From equation (4), we derive the distribution of electricity across each national percentile and the corresponding per capita electricity demand. From this electricity consumption distribution, we calculate the total number of people living below the MEM and then quantify the implications of the additional energy needed to lift them to the MEM's value (1000 kWh) by 2030 and the median for high-income countries (6720 kWh) by 2050 (Moss et al 2021). The projected electricity demand is split across sectors using IRENA's study's percentage share across each sector (IRENA 2023). Figure 3 shows the projected ambitious sectoral electricity demand for the modeling period (2020–2070).

2.3. Scenarios description

We build the scenarios based on two electricity demand clusters: baseline demand (BD) and ambitious demand (AD). Nigeria's climate change act envisions the country achieving net-zero emissions energy system between 2050 and 2070 (Climate Action Tracker 2022). We construct four scenarios for each of the two electricity demand clusters based on Nigeria's climate target. Accordingly, we build scenarios to explore the implications of achieving a net-zero energy system by 2050 and by 2070, with and without IMG, resulting in a total of eight scenarios, as summarized in table 5. The selection of different net zero target years aims to facilitate the analysis of the techno-economic implications of different net zero targets under a range of grid configurations. We assume that the emission factors and energy prices will remain constant in all these scenarios.

Table 5. Scenario description.

Scenario clusterScenario nameDescription
Baseline demand (BD) this represents a cluster of net-zero scenarios using the baseline energy demand projections.BD2050Constraint on emissions to reach net-zero by 2050 with baseline electricity demand.

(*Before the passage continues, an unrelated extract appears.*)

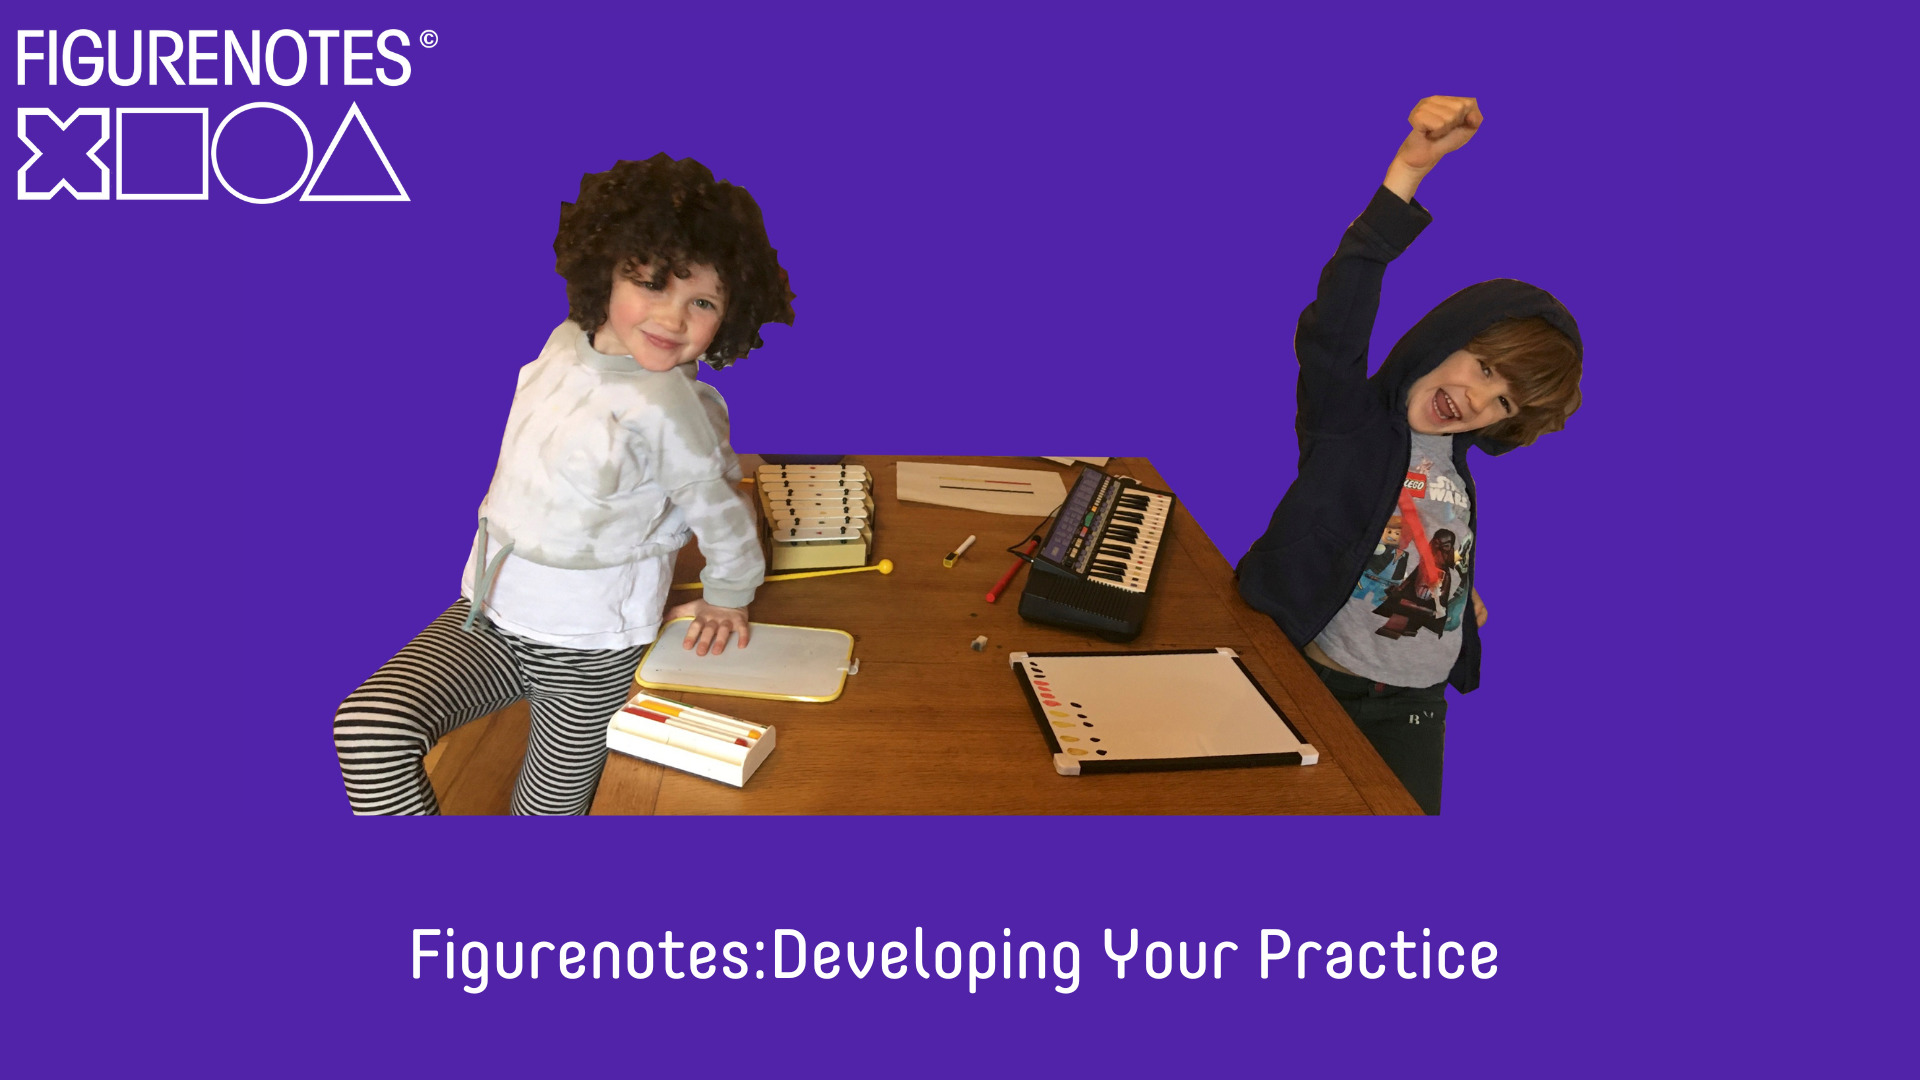 2 children using figurenoted instruments looking happy and the title Figurenotes Developing your practice
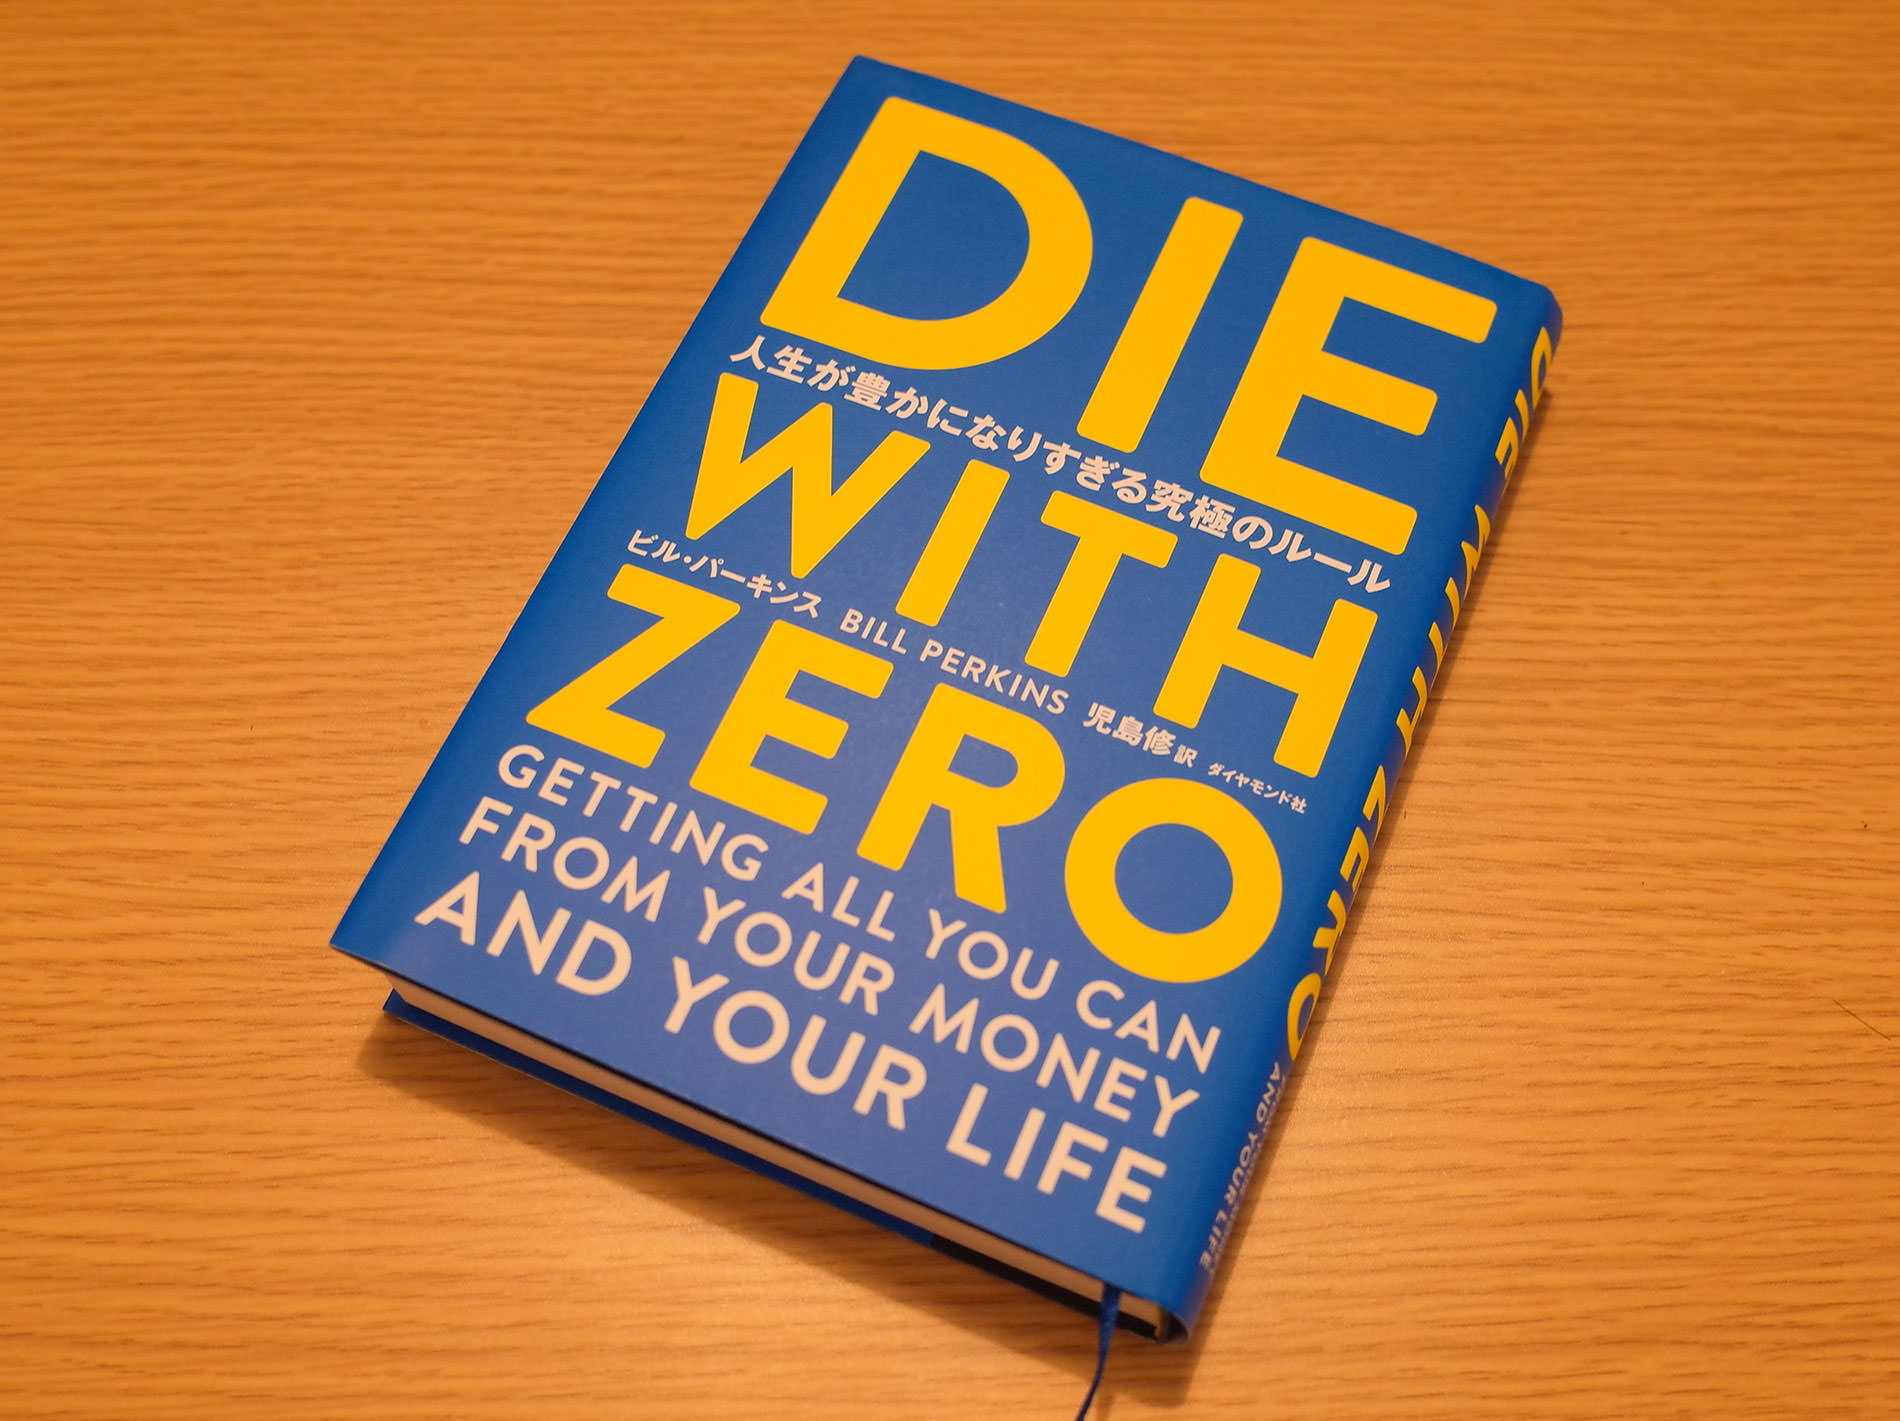 DIE WITH ZERO 人生が豊かになりすぎる究極のルール / Die with Zero: Getting All You Can from Your Money and Your Life

No interconnected mini-grid.
BD2070Constraint on emissions to reach net-zero by 2070 with baseline electricity demand. No interconnected mini-grid.
BD2050-IMGConnection of mini-grids to the central grid and constraint imposed on emissions to reach net-zero by 2050 with baseline electricity demand.
BD2070-IMGConnection of mini-grids to the central grid and constraint imposed on emissions to reach net zero by 2070 with baseline electricity demand.
Ambitious demand (AD) this represents a cluster of net-zero scenarios for an ambitious electricity demand where the universal target is the delivery of a sufficient quantum of clean energy guided by the MEM target (1000 kWh/capita) by 2030, and the median for high-income countries (6720 kWh/capita) by 2070.AD2050Constraint on emissions to reach net-zero by 2050 with ambitious electricity demand. No interconnected mini-grid.
AD2070Constraint on emissions to reach net-zero by 2070 with ambitious electricity demand. No interconnected mini-grid.
AD2050-IMGConnection of mini grids to the central grid and constraint imposed on emissions to reach net-zero by 2050 with ambitious electricity demand.
AD2070-IMGConnection of mini-grids to the central grid and constraint imposed on emissions to reach net-zero by 2070 with ambitious electricity demand.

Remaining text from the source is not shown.